The present invention became possible only after prior knowledge was acquired. The essence of the present invention is as follows: A high acoustic low-tensile high tensile strength steel plate having a yield strength of 450 MPa or greater and tensile strength limit of 570 MPa or higher comprising by weight% C: 0.03% to 0.07%, Si: less than 0.10% (including 0%), Mn: 0.8% to 2.0%, and Al: 0.003 % to 0,1%, comprising Nb and Ti contents of% by mass Nb: 0,025% or more and Ti: 0,005% or more satisfying 0,045% <[Nb] + 2 x [Ti] <0,105% comprising N: more than 0.0025 mass% and not more than 0.008 mass%, and comprising Nb, Ti, C and N in band contents such that the value of A shown below is 0.0022 to 0, 0055, weld crack parameter for Pcm steel composition shown below being 0.18 or less, and a balance of Fe and unavoidable impurities, and having a steel structure where bainite volume ratio is 30% or more, ratio of perlite volume is less than 5%, and ratio of martensite island volume is less than 3%: A = ([Nb] + 2 x [Ti]) x ([C] + [N] x 12/14), Pcm = [C] + [Si] / 30 + [Mn] / 20 + [Cu] / 20 + [Ni] / 60 + [Cr] / 20 + [Mo] / 15 + [V] / 10 + 5 [B], where [Nb] , [Ti], [C], [N], [Si], [Mn], [Cu], [Ni], [Cr], [Mo], [V] and [B] represent the contents of Nb, Ti, C, N, Si, Mn, Cu, Ni, Cr, Mo, V and B expressed in% by mass.

[0041] (2) A high acoustic anisotropy high tensile strength steel plate and high weldability having yield strength of 450 MPa or greater and tensile strength limit of 570 MPa or greater according to (1), yet comprising by weight Mo: 0.05% to 0.3%.

[0042] (3) A high acoustic anisotropy high tensile strength steel plate and high weldability having yield strength of 450 MPa or greater and tensile strength limit of 570 MPa or greater according to (1) or ( 2), further comprising by mass% one or more Cu: 0.1% to 0.8%, Ni: 0.1% to 1.0%, Cr: 0.1% to 0.8% V: 0.01% or more less than 0.03%, W: 0.1% to 3%, and B: 0.0005% to 0.0050%.

[0043] (4) A high acoustical low acoustic anisotropy high tensile strength steel plate having a yield strength of 450 MPa or greater and a tensile strength limit of 570 MPa or greater according to (1) or ( 3) further comprising by weight% one or both of Mg: 0.0005% 0.01% and Ca: 0.0005% 0.01%.

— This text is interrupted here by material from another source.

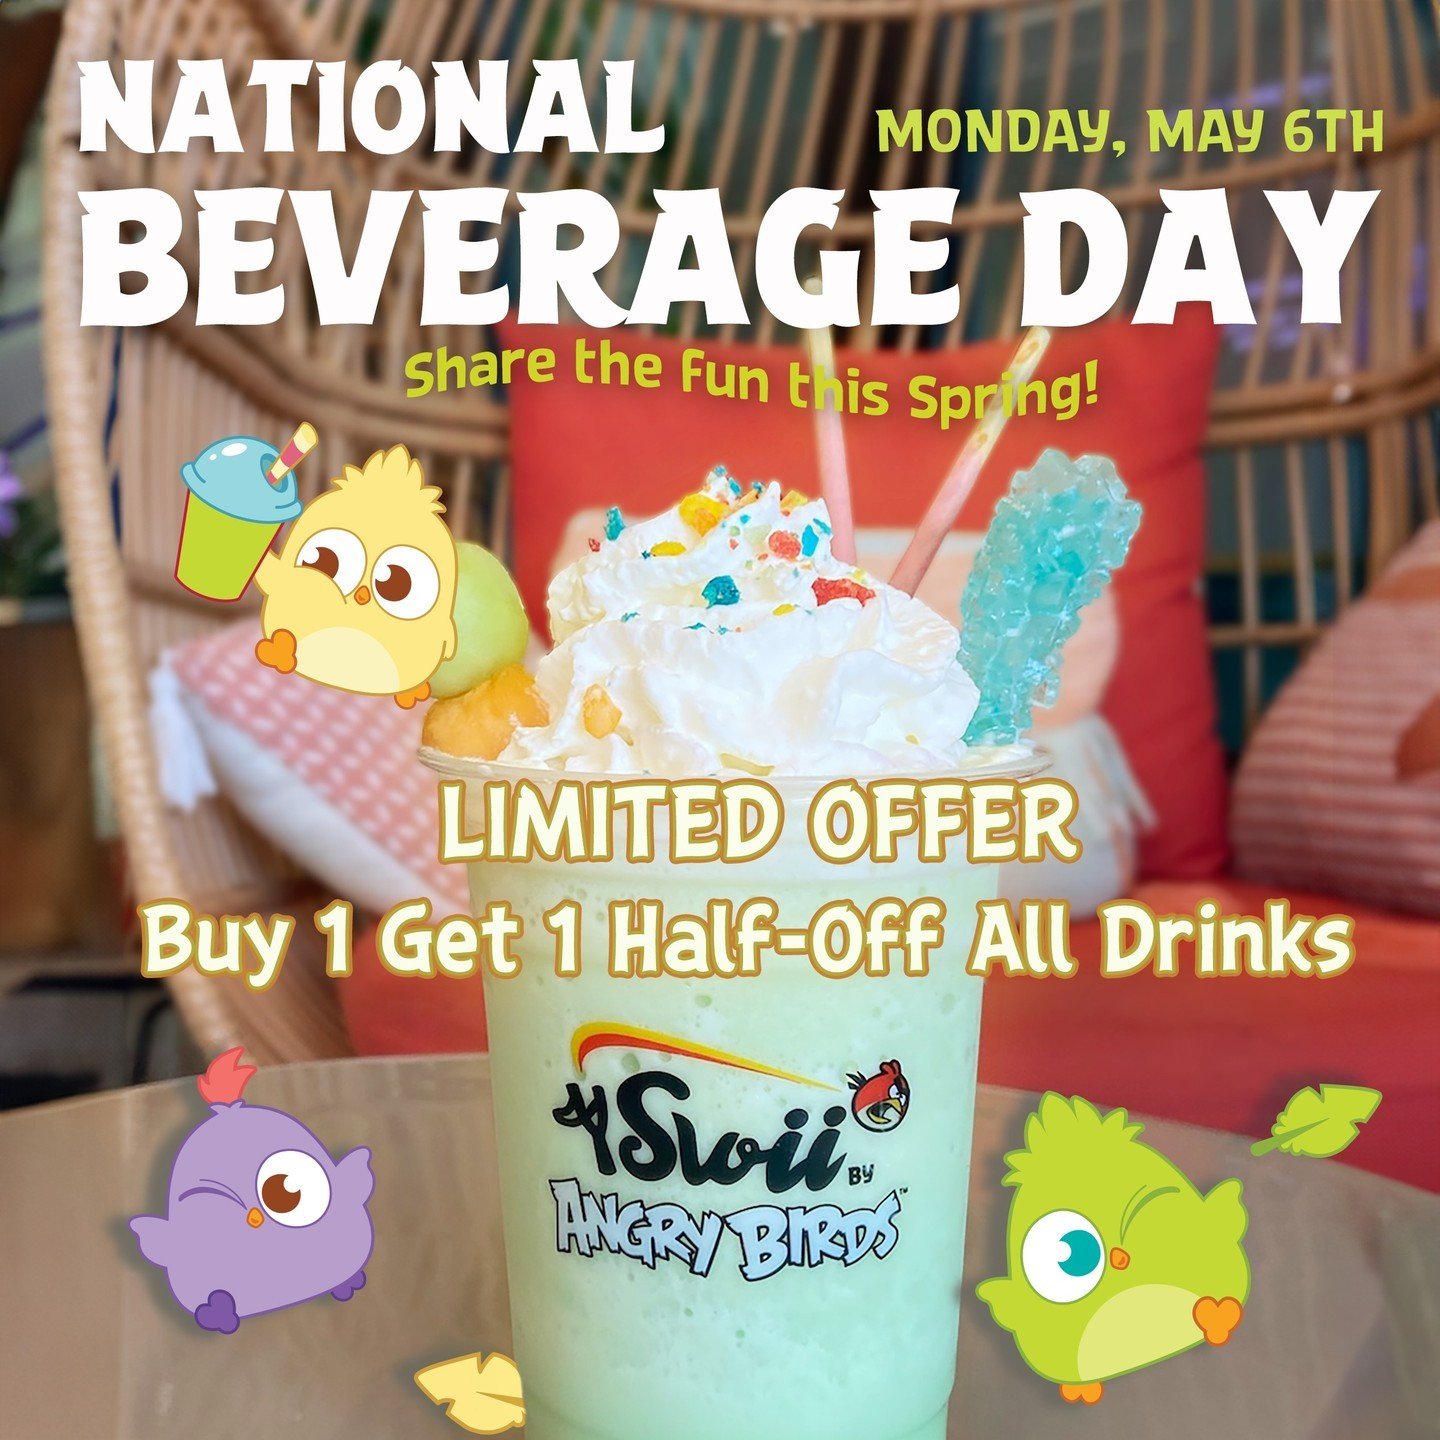 Buy 1🥤Get 1🧋Half-Off on all drinks ALL DAY next Monday, May 6th! 🥵🧊 Stay cool indoors with our specialty beverages, and share the fun with your friends on National Beverage Day! 🥰🐦

#iswiibyangrybirds #angrybirds #angrybirdsretailcafe #retailca

[0044] (5) A process for the production of a high acoustic anisotropy high tensile strength steel plate having a yield strength of 450 MPa or greater and a tensile strength limit of 570 MPa or greater, comprising: heating an ingot having a composition shown in any of (1) to (4) at a temperature between T (° C) shown below and 1300Ό, conducting rough rolling at a temperature in the range of 1020Ό and higher, retaining reduction total lamination in the temperature range from less than 1020 * 0 to greater than 920Ό to 15% or less, leading to finishing lamination whereby total reduction in the range from 920Ό to 860 * 0 is 20% to 50%, then conducting accelerated cooling at a cooling rate of 2 ° C / s to 30 * C / s starting at 800 * 0 or higher, terminating accelerated cooling at a temperature between 700Ό and 60 0 * 0, and then conducting cooling at a cooling speed 0.4 ° C / s or less: T = 6300 / (1.9 - LogA) - 273, where A = ([Nb] + 2 x [Ti]) x ([C] + [N] x 12/14), [Nb], [Ti], [C] and [N] represent the contents of Nb, Ti, C and N expressed in mass%, and LogA is a common logarithm.

[0046] The present invention provides a 100 mm thick, high acoustic anisotropy high tensile strength steel plate having a yield strength of 450 MPa or greater and tensile strength limit of 570 MPa or greater, including in the center region of plate thickness of a thick steel having a plate thickness of 30 to 100 mm, whose high tensile strength steel plate can be obtained by a production process such as coming out of the rolling mill adopting a composition economical low in addition of alloying elements and high in productivity. As such, the effect of the invention on the industry is very considerable.

Brief Description of the Drawings Figure 1 is a graph showing how the yield stress of a steel plate varies as a function of martensite island volume ratio in the center thickness region.

[0048] Figure 2 diagrammatically contrasts the difference between the stress - strain curve during stress tests of a steel plate (designated steel A) where martensite island is not present and the stress - strain curve during stress tests. a steel plate (designated steel B) where martensite island is present.

[0049] Figure 3 is a graph showing how the Si content of a steel plate affects martensite island volume ratio in its center thickness region.

Figure 4 is a graph showing how the Si content of a steel plate affects yield stress in its center region of thickness.

Detailed Description of the Invention The reasons for the limitations of the present invention are on composition and microstructures, and the other essential elements of the invention will be explained as follows.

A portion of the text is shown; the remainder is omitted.